Week 9 Tutorial Solutions

Excercies 9A

Read the data into R and use your exploratory data tools to explore the data.

library(tidyverse)

survey_data <- read.csv(here::here("tutorials/images/survey_data.csv"))

# Make sure everything is in the correct type
survey_data <- survey_data |>
  mutate(time = as.factor(time),
         blood_sugar = as.factor(blood_sugar),
         sex = as.factor(sex),
         date = as.Date(date))

summary(survey_data)

What do you notice about the date of study?

There is only one day covered

To de-identify the data, the researchers removed directly identifying information, aggregated blood sugar into a binary variable, aggregated testing time into clinically meaningful bins and released only a sample of their data, where they only released one day’s worth - 40 participants. Do you think this is sufficient given what you know of the data environment?

Given the data environment, this might be sufficient for public identification as we do not know much about the data population/sampling. However, a family member (or the participant themselves) could identify with private data. All they would need to know is the age of the respondent and that they participated on the 11th of February.

Now consider the second dataset. As participants were leaving the trial, they were asked if they would consider giving blood to save lives. All said yes. As part of a promotion run by the center, blood donors were asked if they would consider giving their age, sex and name to be published on the website to encourage others to give blood. All consented and data was uploaded in real time (which is represented by date and time in the dataset). Read in the second data set and explore.

blood_donation <- read.csv(here::here("tutorials/images/blood_donation.csv"))

library(lubridate)
#make sure correct types
blood_donation <- blood_donation |>
  mutate(sex= as.factor(sex),
         data_time = ymd_hms(date_time))

Given this more complex data context, can you use your skills in tidyverse to identify the participants in the data?

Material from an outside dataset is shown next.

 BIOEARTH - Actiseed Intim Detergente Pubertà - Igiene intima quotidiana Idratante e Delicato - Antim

This is relatively simple. The different ages are unique in each dataset, so we can left_join by age and identify all individuals. Now all individuals are identifiable with public data information.

identified_data <- left_join(blood_donation, survey_data, by = "age")

Exercise 9B

Which variables(s) made is possible to identify individuals in the data?

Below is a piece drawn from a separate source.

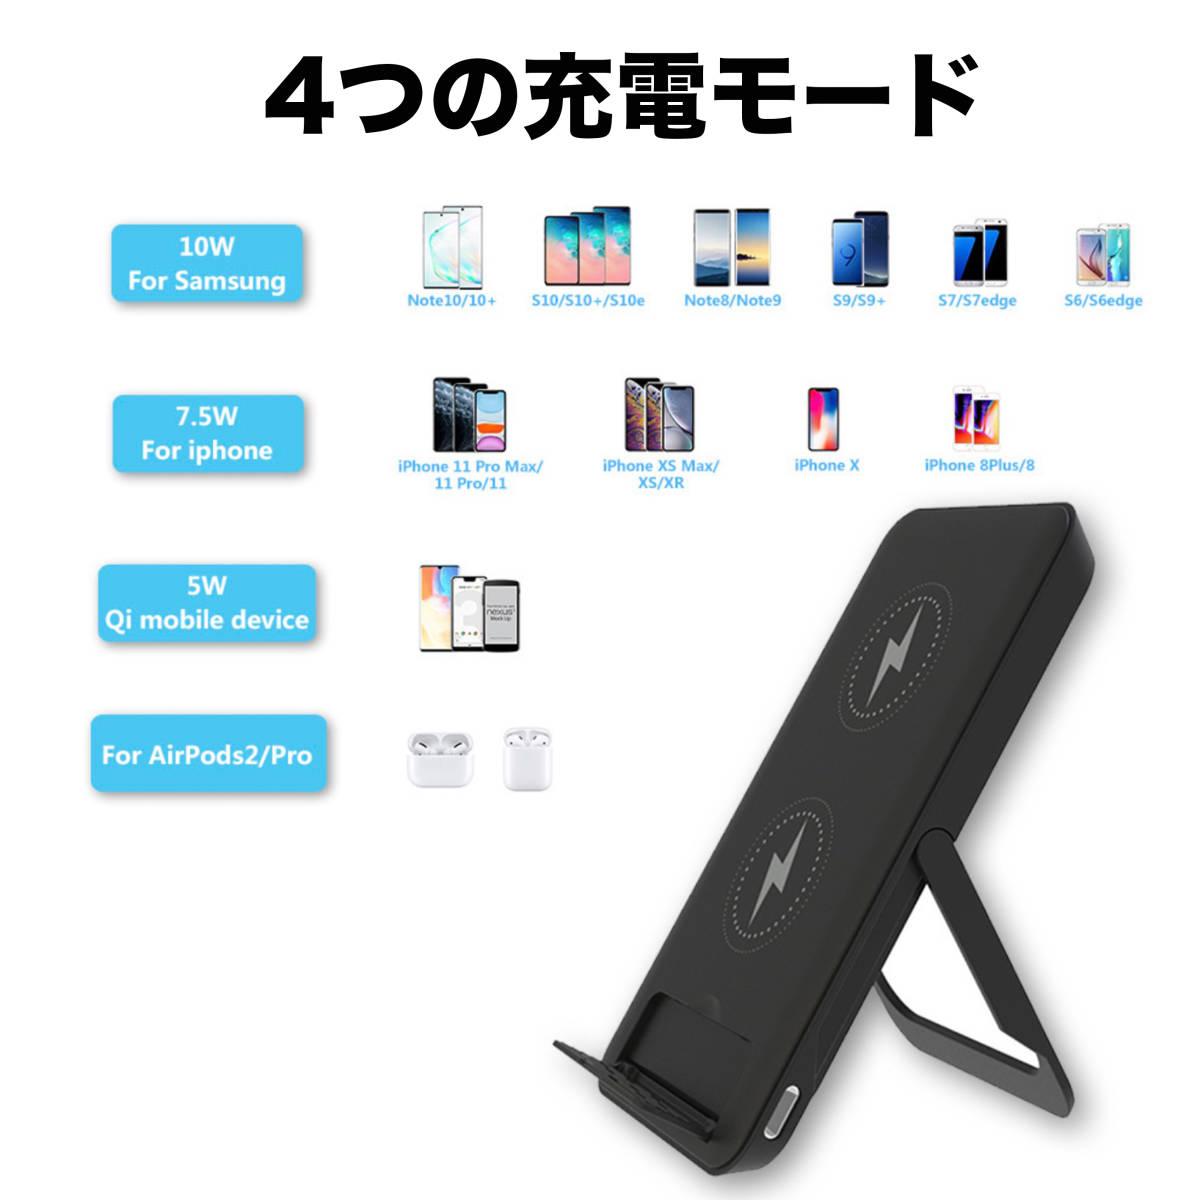 2台セット ワイヤレス充電器 卓上【急速10Wグレードアップ】 折畳み スタンド&おくだけパッド USB出力2口 3台同時充電 [黒&白] _画像3

Age made it possible to link all cases in the two datasets. However, there are other variables (time of day and sex) that also correspond to relatively rare cells.

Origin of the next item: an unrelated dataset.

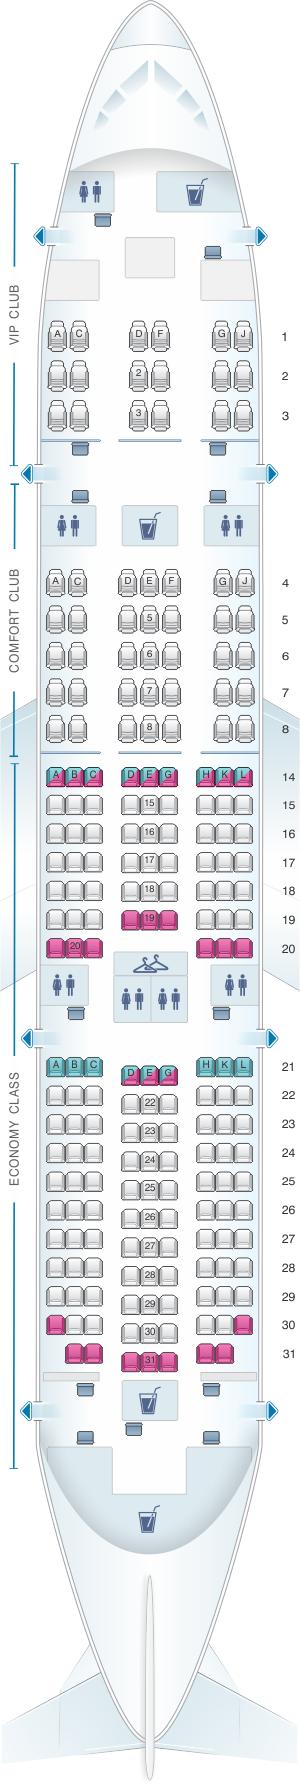 Seat map for Azal Azerbaijan Airlines Boeing B787 8 Dreamliner

What de-identification tools would be most appropriate to solve the challenges caused by these variables?

Age was the variable that caused the most immediate difficulty. We could remove it from the dataset entirely, but this would result in considerable loss of information. As one of the challenges associated with age is that there are a number of different values it can be (increasing the chance of unique values), a first step is aggregation.

survey_data_di <- survey_data |>
  mutate(age_group = cut(age,breaks = c(18,30,45,65,100))) |> # break age along these lines
  select(-age) #remove age

Is it possible to remove all possible risk? Consider the balance between reducing risk and reducing utility.

There is still potential risk as the combination of time, sex and age_group will result in some small cells in the sample.

survey_data_di |>
  group_by(time, sex, age_group) |>
  mutate(Freq = n()) |>
  ungroup() |>
  filter(Freq == 1)

There are 8 individuals that are potentially identifiable based on these cross tabulations. It would decrease the utility of the dataset to remove time and sex from the data. We could instead consider fewer age groups to create larger groups to reduce this problem. Currently there are four age groups, what if we moved to three (losing information and utility)? It’s better, but people are still identified - we’ll have to keep trying.

survey_data_di2 <- survey_data |>
  mutate(age_group = cut(age,breaks = c(18,40,60,100))) |> # break age along these lines
  # select(-age)  |>
  group_by(time, sex, age_group) |>
  mutate(Freq = n()) |>
  ungroup() |>
  filter(Freq == 1)

survey_data_di2

In your own time: Excerise 9C

Can you identify individuals using your friend’s de-identified data?

Assuming your friend has made the same decisions as I have, you shouldn’t be able to identify any individuals from the data.

Did you and your friend make the same decisions to de-identify the data? If not, what are the pros and cons of each?

The approach that I took meant that I lost quite a lot of age data in order to reduce risk. Other suitable approaches would have been to create a synthetic dataset or to add a small amount of noise to age in order to make it more difficult to identify individuals.

How do you think peer review can assist data de-identification procedures?

Peer review can be used within institutes to identify potential data risks and solutions.